Make TxGraph fuzz tests more deterministic #32191

pull sipa wants to merge 2 commits into bitcoin:master from sipa:202504_txgraph_deterministic changing 2 files +102 −76
  1. sipa commented at 8:36 pm on April 1, 2025: member

    Part of cluster mempool: #30289

    The implicit transaction ordering for transactions in a TxGraphImpl is defined by:

    1. higher chunk feerate first
    2. lower Cluster* object pointer first
    3. lower position within cluster linearization first.

    Number (2) is not deterministic, as it intricately depends on the heap allocation algorithm. Fix this by giving each Cluster a unique uint64_t m_sequence value, and sorting by those instead.

    The second commit then uses this new approach to optimize GroupClusters a bit more, avoiding some repeated checks and dereferences, by making a local copy of the involved sequence numbers.

    Thanks to @dergoegge for pointing this out.

  2. DrahtBot commented at 8:36 pm on April 1, 2025: contributor

    The following sections might be updated with supplementary metadata relevant to reviewers and maintainers.

    Code Coverage & Benchmarks

    For details see: https://corecheck.dev/bitcoin/bitcoin/pulls/32191.

    Reviews

    See the guideline for information on the review process.

    Type Reviewers
    ACK instagibbs, marcofleon

    If your review is incorrectly listed, please react with 👎 to this comment and the bot will ignore it on the next update.

    Conflicts

    Reviewers, this pull request conflicts with the following ones:

    • #32263 (cluster mempool: add TxGraph work controls by sipa)
    • #31553 (cluster mempool: add TxGraph reorg functionality by sipa)
    • #31444 (cluster mempool: add txgraph diagrams/mining/eviction by sipa)
    • #28676 ([WIP] Cluster mempool implementation by sdaftuar)

    If you consider this pull request important, please also help to review the conflicting pull requests. Ideally, start with the one that should be merged first.

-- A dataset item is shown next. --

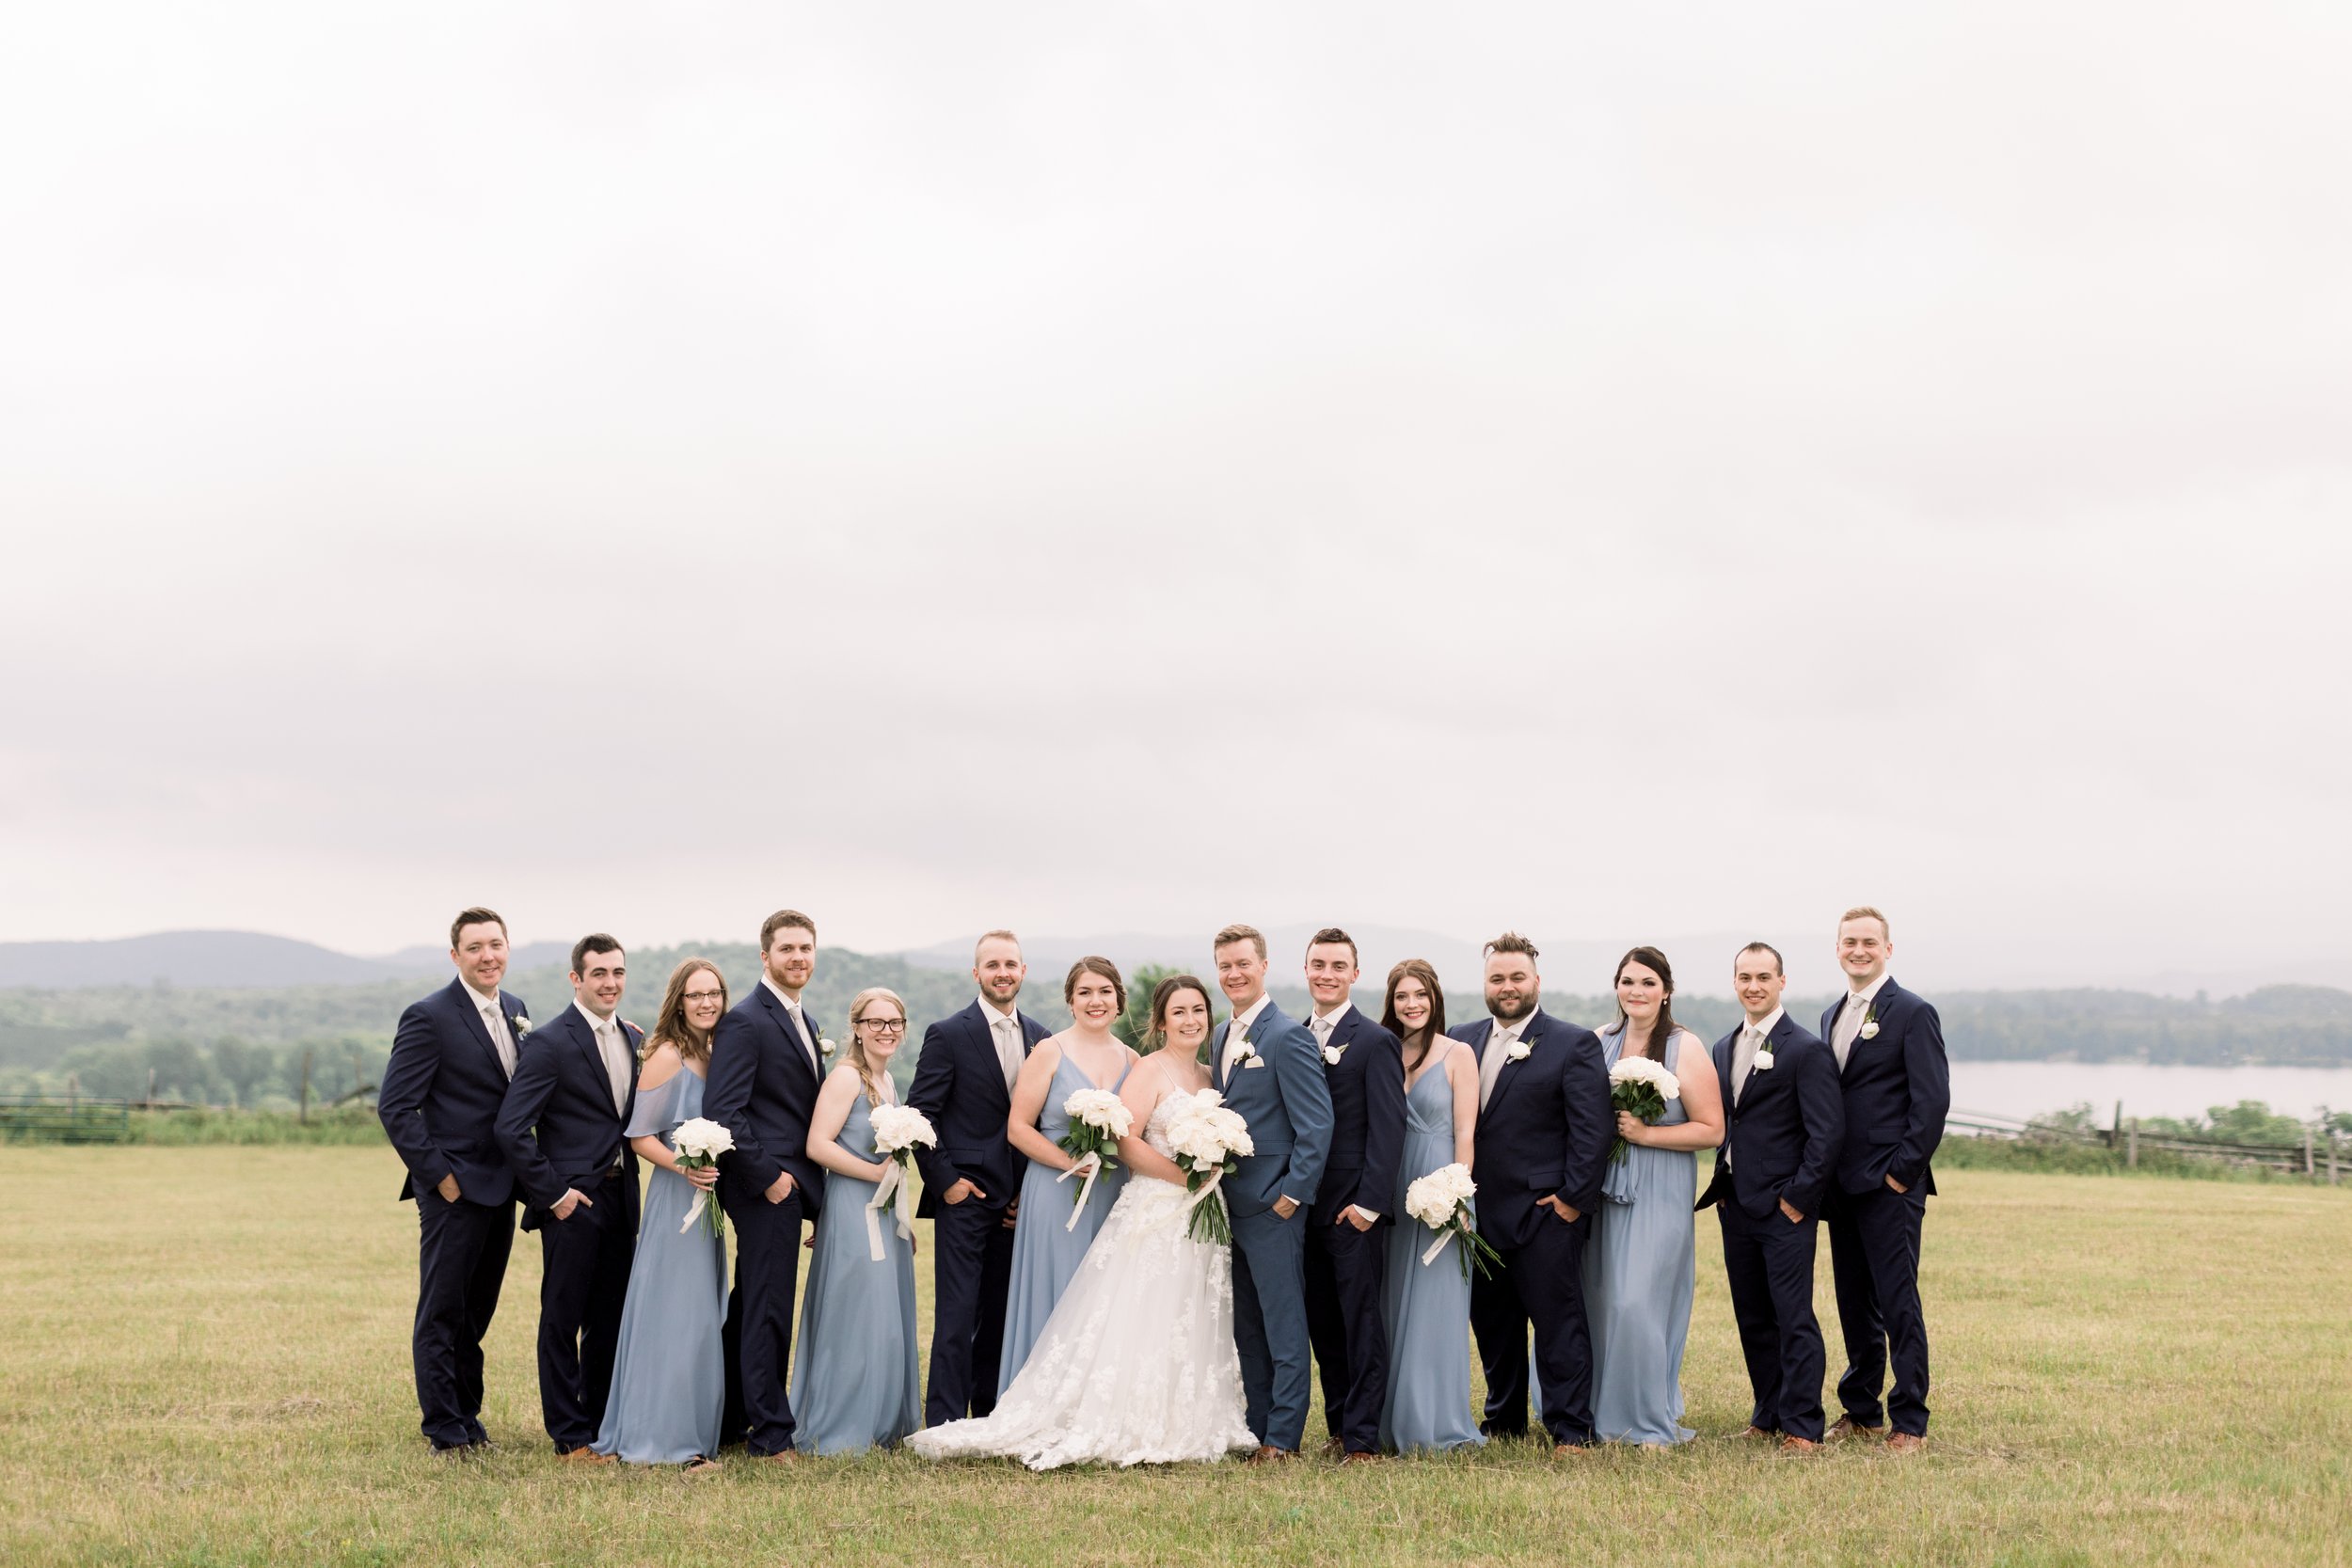  Wedding party portrait in front of a lake in Boulter, Ontario by Chelsea Mason Photography. outside wedding party portraits Ontario #chelseamasonphotography #chelseamasonweddings #Ontarioweddings #Boulterweddingphotographer #laceweddinggown

  3. in src/txgraph.cpp:253 in e58b825305 outdated
    248@@ -244,6 +249,8 @@ class TxGraphImpl final : public TxGraph
    249     ClusterSet m_main_clusterset;
    250     /** The staging ClusterSet, if any. */
    251     std::optional<ClusterSet> m_staging_clusterset;
    252+    /** Next sequence number to assign to created Clusters. */
    253+    uint64_t m_sequence_counter{0};
    


    instagibbs commented at 5:11 pm on April 2, 2025:

    light pref

    0    uint64_t m_next_sequence_counter{0};
    

    sipa commented at 7:27 pm on April 2, 2025:
    Done.
  4. in src/txgraph.cpp:1204 in 631244831b outdated
    1203@@ -1205,7 +1204,8 @@ void TxGraphImpl::GroupClusters(int level) noexcept
    1204         // the partitions their Clusters are in.
    


    instagibbs commented at 6:24 pm on April 2, 2025:
    comment above this line should say an_deps

    sipa commented at 7:28 pm on April 2, 2025:
    Indeed, done (and elsewhere).
  5. in src/txgraph.cpp:1207 in 631244831b outdated
    1203@@ -1205,7 +1204,8 @@ void TxGraphImpl::GroupClusters(int level) noexcept
    1204         // the partitions their Clusters are in.
    1205         Cluster* last_chl_cluster{nullptr};
    1206         PartitionData* last_partition{nullptr};
    1207-        for (const auto& [par, chl] : clusterset.m_deps_to_add) {
    1208+        for (const auto& [dep, seq] : an_deps) {
    


    instagibbs commented at 6:27 pm on April 2, 2025:
    0        for (const auto& [dep, _] : an_deps) {
    

    sipa commented at 7:28 pm on April 2, 2025:
    Done.
  6. in src/txgraph.cpp:1209 in 631244831b outdated
    1203@@ -1205,7 +1204,8 @@ void TxGraphImpl::GroupClusters(int level) noexcept
    1204         // the partitions their Clusters are in.
    1205         Cluster* last_chl_cluster{nullptr};
    1206         PartitionData* last_partition{nullptr};
    1207-        for (const auto& [par, chl] : clusterset.m_deps_to_add) {
    1208+        for (const auto& [dep, seq] : an_deps) {
    1209+            auto [par, chl] = dep;
    1210             auto par_cluster = FindCluster(par, level);
    


    instagibbs commented at 6:37 pm on April 2, 2025:
    par_cluster and chl_cluster must both not be nulltptr, correct now that we’re gating an_deps construction on both clusters existing? Conditional few lines below should never fire.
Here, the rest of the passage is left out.